Alfonso Ussía

El marqués

Lo que escribo es incorrecto. Traiciono la confianza del Rey. Pero creo que es oportuno. El pasado lunes se descubrió una placa en la casa de Antonio Mingote. Presidió el acto, repleto de amigos de Antonio e Isabel, la Alcaldesa de Madrid y el líder de la oposición municipal, un señor llamado Jaime Lissavetsky. Y cuando escribo «un señor», lo hago con plena conciencia de su significado. Estaba Luis María Anson, que mucho tiene que ver en este asunto. Y Catalina Luca de Tena y José Miguel Santiago Castelo, el gran poeta extremeño que guarda en su señorío y extraordinaria cabeza toda la memoria leal de «ABC».

Vuelvo a la prolongada conversación con el Rey –años ha– en su despacho de Zarzuela. –Ayúdame, ¿quién crees que merece un título nobiliario?–. Le propuse dos nombres y una baraja a elegir la carta. –Antonio Mingote, Plácido Domingo, y un empresario español, en América o España, que haya creado de verdad miles de puestos de trabajo–. Pensaba en Amancio Ortega. El Rey tiene el absoluto dominio de las concesiones nobiliarias, y le interesó mi propuesta.

–¿Qué títulos les darías?–;

–Señor, a Mingote, cualquiera que no sea marqués de Mingote. Si yo fuera el Rey, que no lo soy, le haría marqués de Daroca, su raíz, su amor, su sitio. A Plácido Domingo, marqués de Igueldo, o de Ondarreta, o de La Zurriola, algo que tenga que ver con San Sebastián, la cuna de su madre. Y al tercero, al empresario, lo que lleve a sus raíces de humildad y de trabajo–. Falté a mi obligada discreción y escribí un artículo. Luis María Anson escribió otro, apoyando la idea. Posteriormente, fue Luis María el que más presionó con su influencia, esa fuerza de la que yo carezco.

Un año antes de su muerte, el Rey le concedió el título de marqués de Daroca a Antonio Mingote. Le escribió una carta emocionante y maravillosa que guardo en mi secreto, porque no soy ni el autor ni el receptor. Y me escribió otra a mí. Había dibujado una inmensa corona marquesal en su parte superior con un comentario: «Me ha salido demasiado grande. Tendré que remediar mis ansias de grandeza». Y el texto: «Queridísimo Alfonso. Quiero inaugurar mi correspondencia bajo el membrete coronado que estás viendo, para agradecerte en primer lugar el que pueda existir ese membrete, pues tú eres el principal responsable de que yo lo haya podido dibujar». La carta es divertidísima, y hace alusiones concretas e impertientes de las que disfrutábamos en nuestras semanales confidencias.
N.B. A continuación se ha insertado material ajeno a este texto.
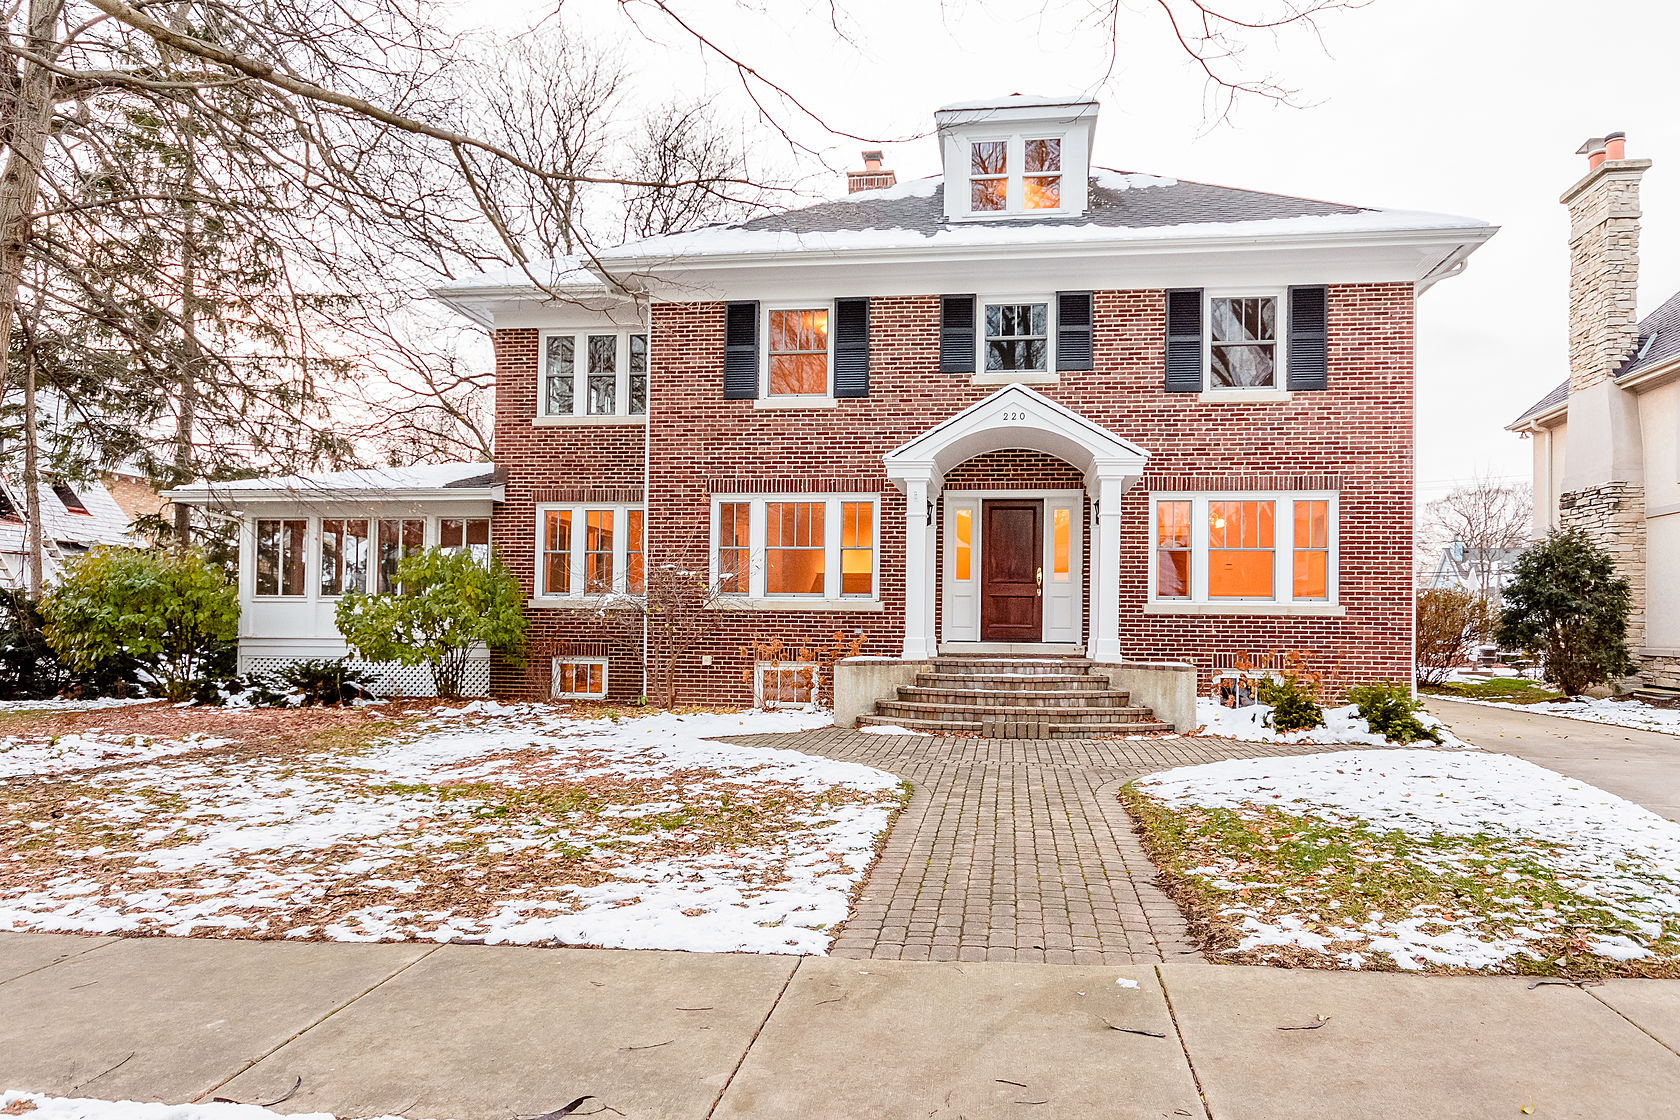 Maison unifamiliale pour l Vente à 220 N Lincoln 220 N. Lincoln Hinsdale, Illinois, 60521 États-Unis
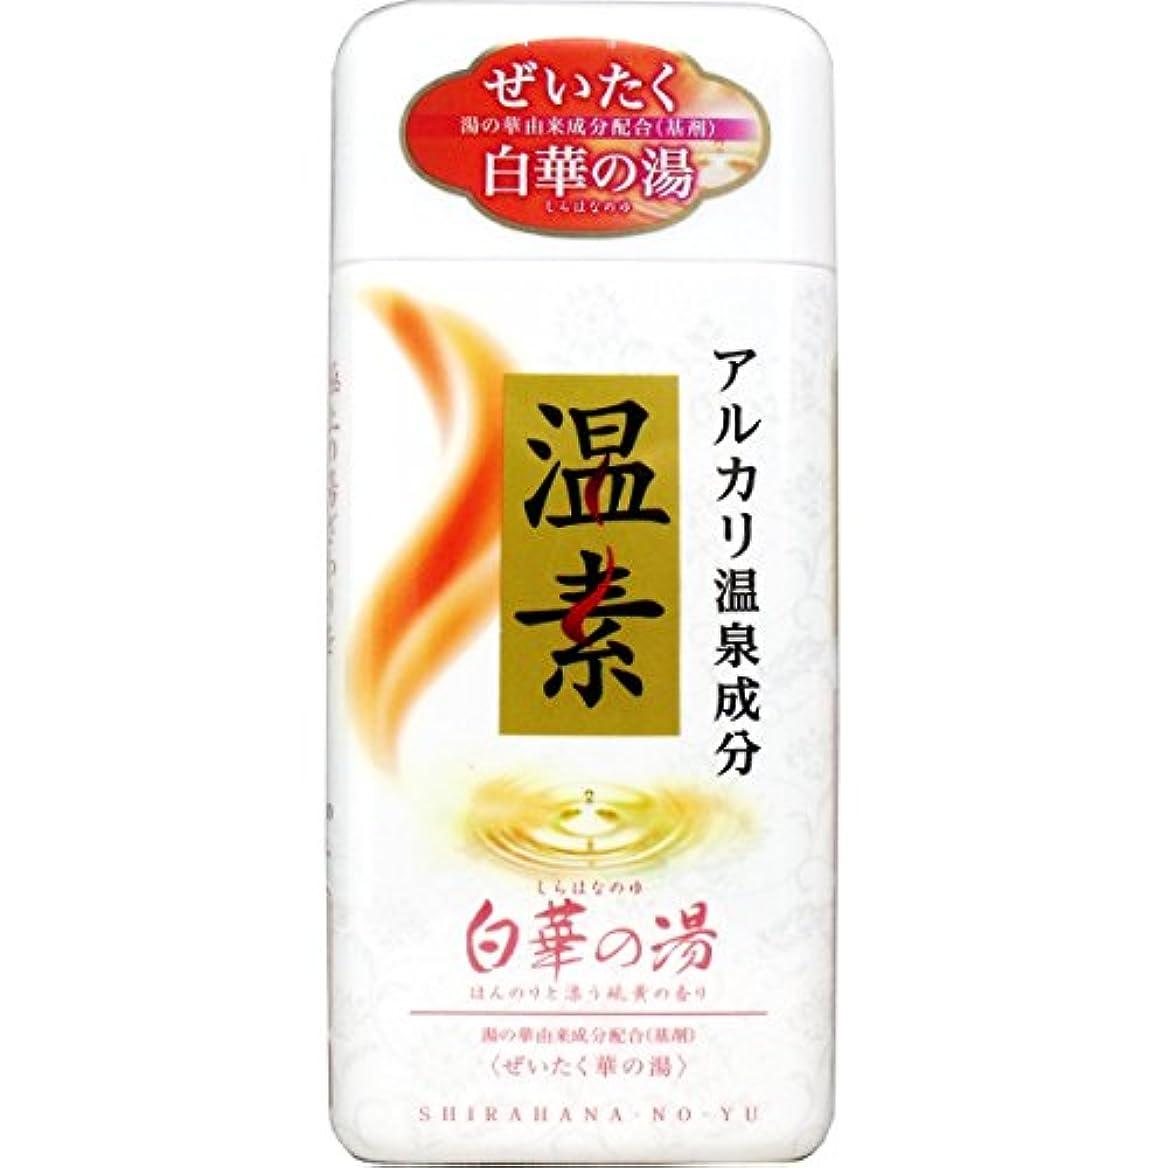 それにもかかわらず勤勉シャーお風呂用品 ぜいたく華の湯 本物志向 アルカリ温泉成分 温素 入浴剤 白華の湯 硫黄の香り 600g入

Al final, me designa consejero (sin sueldo) de su inexperto hijo, y me demanda que le aleccione en cómo se manejan los cubiertos del pescado. «Un abrazo enorme. Hasta luego. Totón».

El Alcalde Tierno, el Viejo profesor, nombró a Antonio «Alcalde Honorario del Retiro». Y su sucesora Ana Botella aceptó mi sugerencia de que su capilla ardiente se instalara en el edificio de los Jardines de Cecilio Rodríguez. Dio toda suerte de facilidades. Anteriormente, Alberto Ruiz-Gallardón, concedió un edificio municipal para albergar la «Fundación Antonio Mingote», proyecto desanimado para desgracia de todos los madrileños y visitantes capitalinos. El lunes, con la presencia de casi todos sus viejos amigos vivientes, y la muy especial de sus compañeros de Armas, con el general Conde a la cabeza y los académicos de la RAE, se descubrió la placa. No me gusta figurar. Me instalé en el espacio de los que no se ven. Y añoré, inevitablemente algunas personas que no estuvieron ni aplaudieron las palabras de la Alcaldesa ni de Isabel, la marquesa viuda de Daroca, improvisadas y formidables. Y era lunes. El día de mis comentarios durante treinta años con Antonio. Y pensé que siempre existen justificaciones para comprender las ausencias, más aún cuando el espíritu de Antonio, que era todo comprensión y amnistía, presidía el portal de su casa.